September 20, 2024
70 albums, more than 50 million records sold worldwide, 20 Grammy Awards, two Primetime Emmy Awards—singer Tony Bennett enjoyed a remarkable career. He started as a singing waiter, before being drafted for the final stages of World War II in 1944. After the war and a stint at the American Theater Wing on the GI Bill, Bennett began his climb to fame. Mitch Miller signed him to a recording deal with Columbia Records in 1950, and a series of hits followed through the 1950s and 1960s.
Bennett’s popularity dimmed in the 1970s, but in 1980 his son Danny took over the management of Bennett’s career. He was introduced to a new generation, with appearances on MTV and many other television shows. Bennett continued performing well into his 90s, and his longevity put him into the Guinness Book of World Records. Rolling Stone reported that Bennett’s earnings in the last 15 years of his life reached $100 million, and his fortune at his death in 2023 was estimated to be $200 million.
Trouble in paradise
A living trust was the foundation of Tony Bennett’s estate plan. He and son Danny were the trustees, with Danny becoming sole trustee at his father’s death.
The terms of the trust and the full scope of Bennett’s estate are not yet public. What we do know is that Danny’s two sisters have filed a lawsuit in New York over his actions as trustee. Among their claims:
• Danny supervised the sale of Bennett’s music catalogue and image rights in 2022, but failed to provide a full accounting of the sale.
• Bennett’s clothing was donated to charity without notifying the sisters first, as required by Bennett’s will.
• Danny prevented the sisters from visiting Bennett’s apartment to view his tangible personal property, some of which had great sentimental value.
• Tangible personal property was auctioned off without consulting the sisters, even though such a sale was not required by the estate planning documents.
• Danny received an “improper loan” of $1.2 million, and he received gifts totaling $4.2 million, which was double what Bennett’s other children received.
The soundness of these claims and the outcome of the lawsuit are unknown at this time, but future family harmony among Bennett’s four children looks unlikely.
Communication is critical
As a general rule, naming a family member who is also a beneficiary to be a trustee or the executor of an estate invites misunderstandings and disagreement among the heirs. The ones not chosen may feel slighted or disrespected. They may not trust the judgment of the family member trustee, they may be quick to see bias or self dealing. They may not appreciate how complex is the job of trusteeship.
That’s not to say that choosing Danny to be the trustee of the Bennett Family Trust was a bad idea. From the decades of managing his father’s career, Danny had an intimate knowledge of the family finances. He was well positioned to understand how to maximize the value of the Bennett estate assets.

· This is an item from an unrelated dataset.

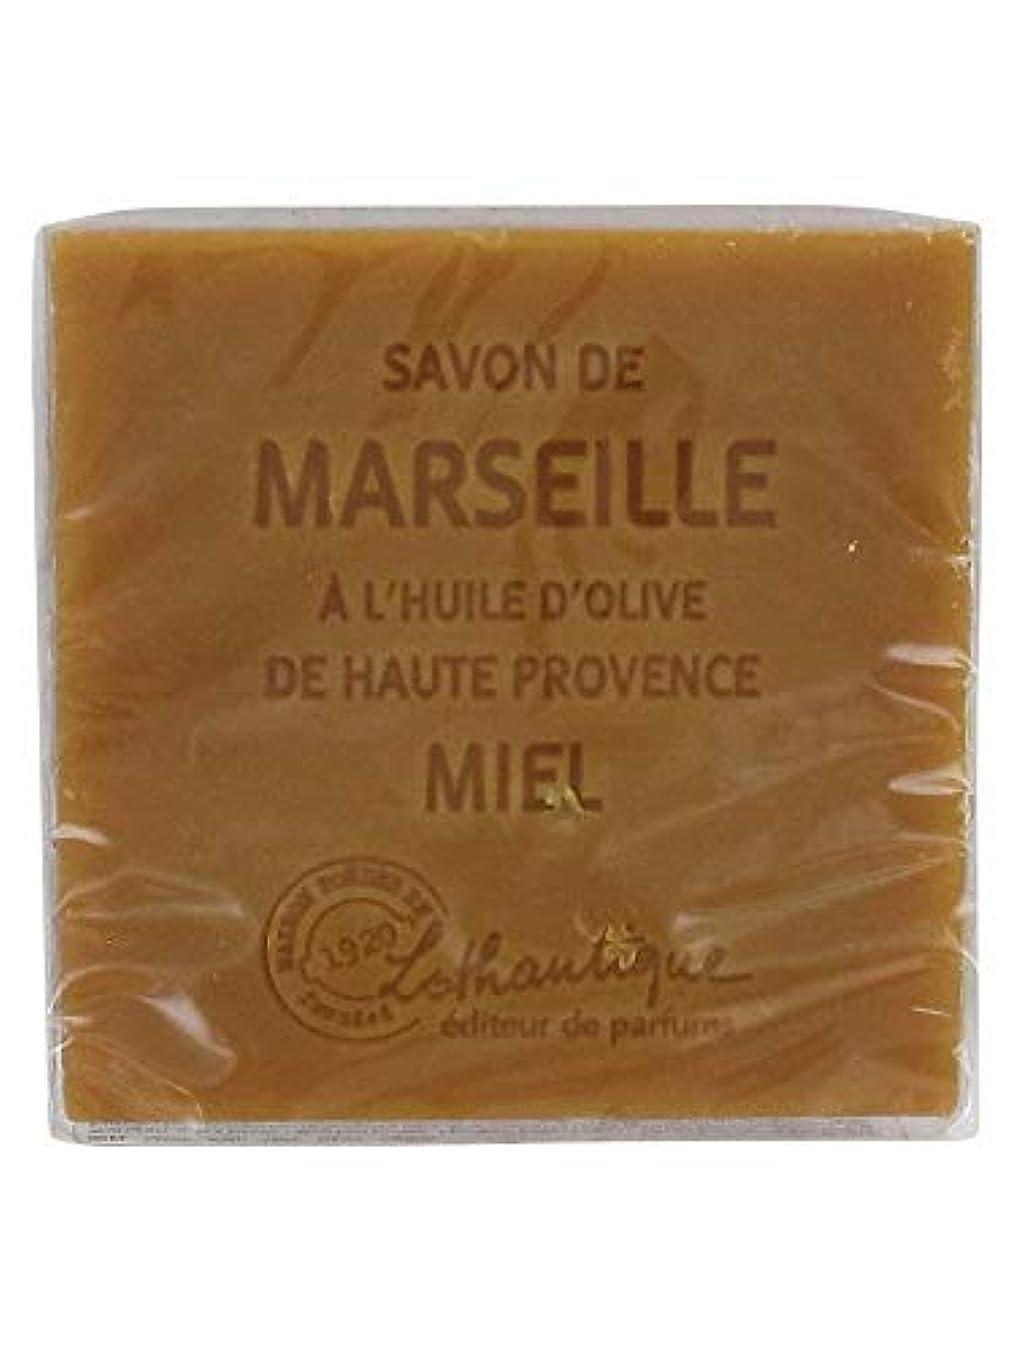 ボルト活性化するドルLothantique(ロタンティック) Les savons de Marseille(マルセイユソープ) マルセイユソープ 100g 「ハニー」 3420070038074
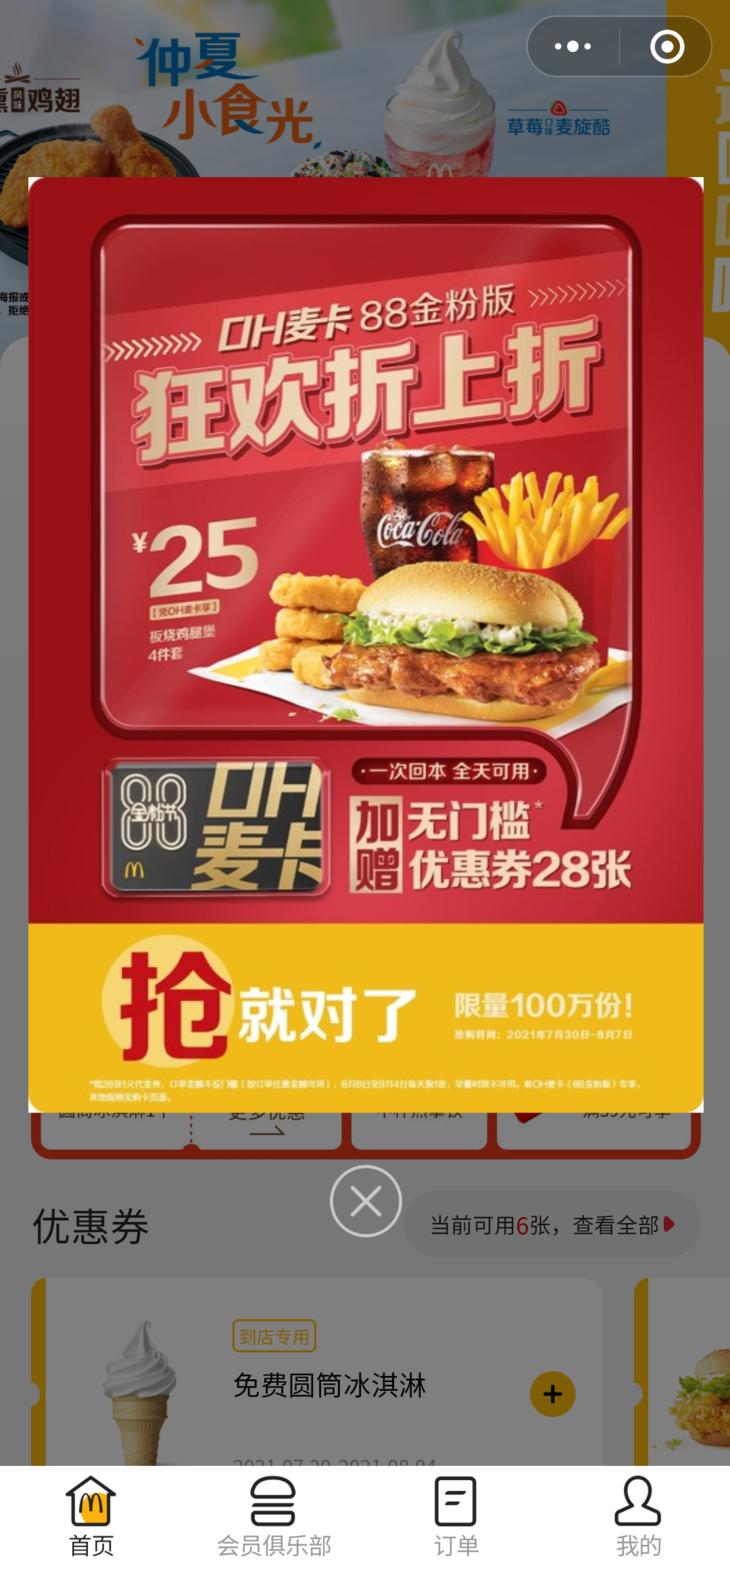 线上新店开张,不知如何下手经营?来跟麦当劳学做线上店铺运营

However, trustees do have a fiduciary obligation to report promptly and fully to trust beneficiaries, as well as a duty to keep thorough records of all decisions and transactions. Danny might have profited by working with a trust department or trust company as co-trustee, so as to dot all the i’s and cross all the t’s of trusteeship.
In any event, estate plans should be discussed and explained to the beneficiaries in advance, to align their expectations with their future realities. The intentions for the family wealth, the reasoning behind bequests, and the choice of the stewards for that wealth should be reviewed. An airing of the motivations behind an estate plan will usually promote family harmony. But at the same time, heirs need to understand that estate planning isn’t a family-wide project, and the plan itself isn’t being put to a vote.